In any case, high demand for space in Europe makes retailers reluctant to close stores in the first place. “There is such a struggle to find good locations that retailers will try, try, and try again before giving up on a store, because they don't want to give up the space,” said Boris van Haare Heijmeijer, head of European retail at Cushman & Wakefield. “European landlords are in a very good position right now.”

Not to say landlords in the U.S. are necessarily in a bad position. Most of the announced store closings that will affect General Growth Properties are in strong centers where demand for space is high, said Robert A. Michaels, the firm's president and COO, on a conference call in February. The firm anticipated many of the closings and has re-leased the spaces or at least started the process, Michaels said. U.S. and foreign retailers alike will seize the opportunity to secure space in these centers, he said, so General Growth will end this year at the same level of occupancy as it had at year-end 2007.

“There have been more store-closure announcements than usual so far this year, but I wouldn't call it a disaster in any way,” said James Bieri, president and CEO of Bieri Co., a Detroit-based consulting firm. “Some companies are having difficulties, but many retailers are doing quite well and will be looking to expand into the vacated space.”

Daniel B. Hurwitz, president and COO of Developers Diversified Realty Corp., made a similar prediction. “While there is clearly a slowdown of new store growth for the less successful merchants, the most successful will use the current environment to their advantage by stealing market share from their struggling competitors,” Hurwitz said on a conference call.

Bieri points to apparel chain Abercrombie & Fitch as an example of a solid performer in expansion mode.

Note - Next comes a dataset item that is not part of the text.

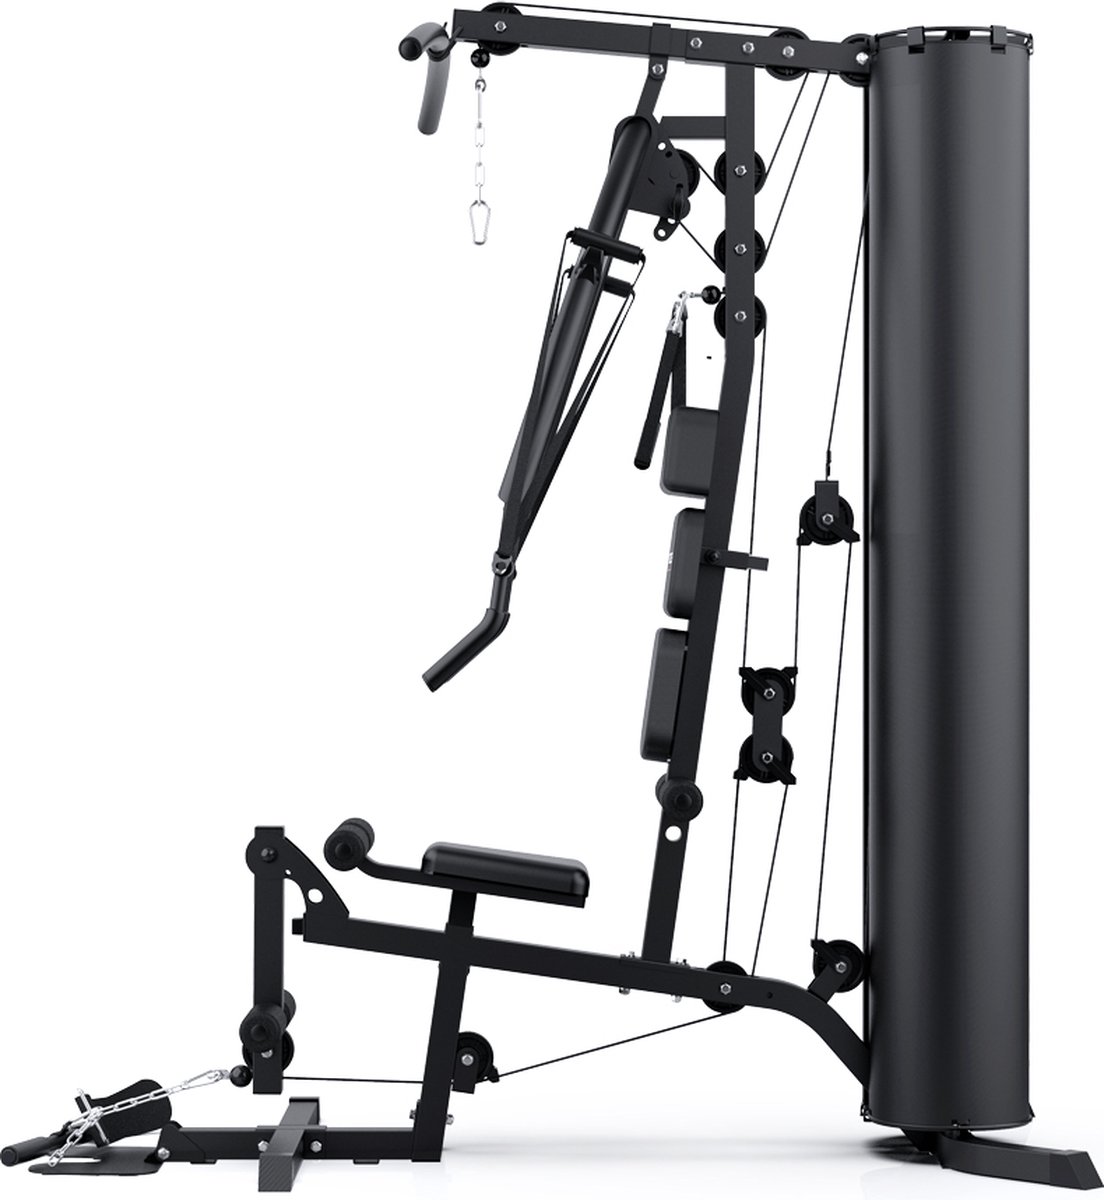 Machine multistation - musculation acier - ION Home Gym noir

Abercrombie & Fitch says it plans to increase gross square footage by 11 percent this year, primarily through opening 110 stores in North America. Coach, too, will be opening stores — about 40 in North America this year, amounting to a square-footage increase for the year of about 20 percent.

Some retailers, though, are grappling with problems that have as much to do with weakness of concept as with weakness in the economy. “If retailers have the right concept, they're going to do well,” Bieri said. “Times like these force retailers to figure out what the consumer really wants, and if they're able to do that successfully, then they can really take off.” By and large, closures represent an opportunity to eliminate weakness, which can only help the retailers and tenants alike, he says.

Kampler agrees. “We're going to see healthier retail businesses as a result of these store cutbacks,” Kampler said. “It's going to be painful for a couple years, but we will be better off in the long run.”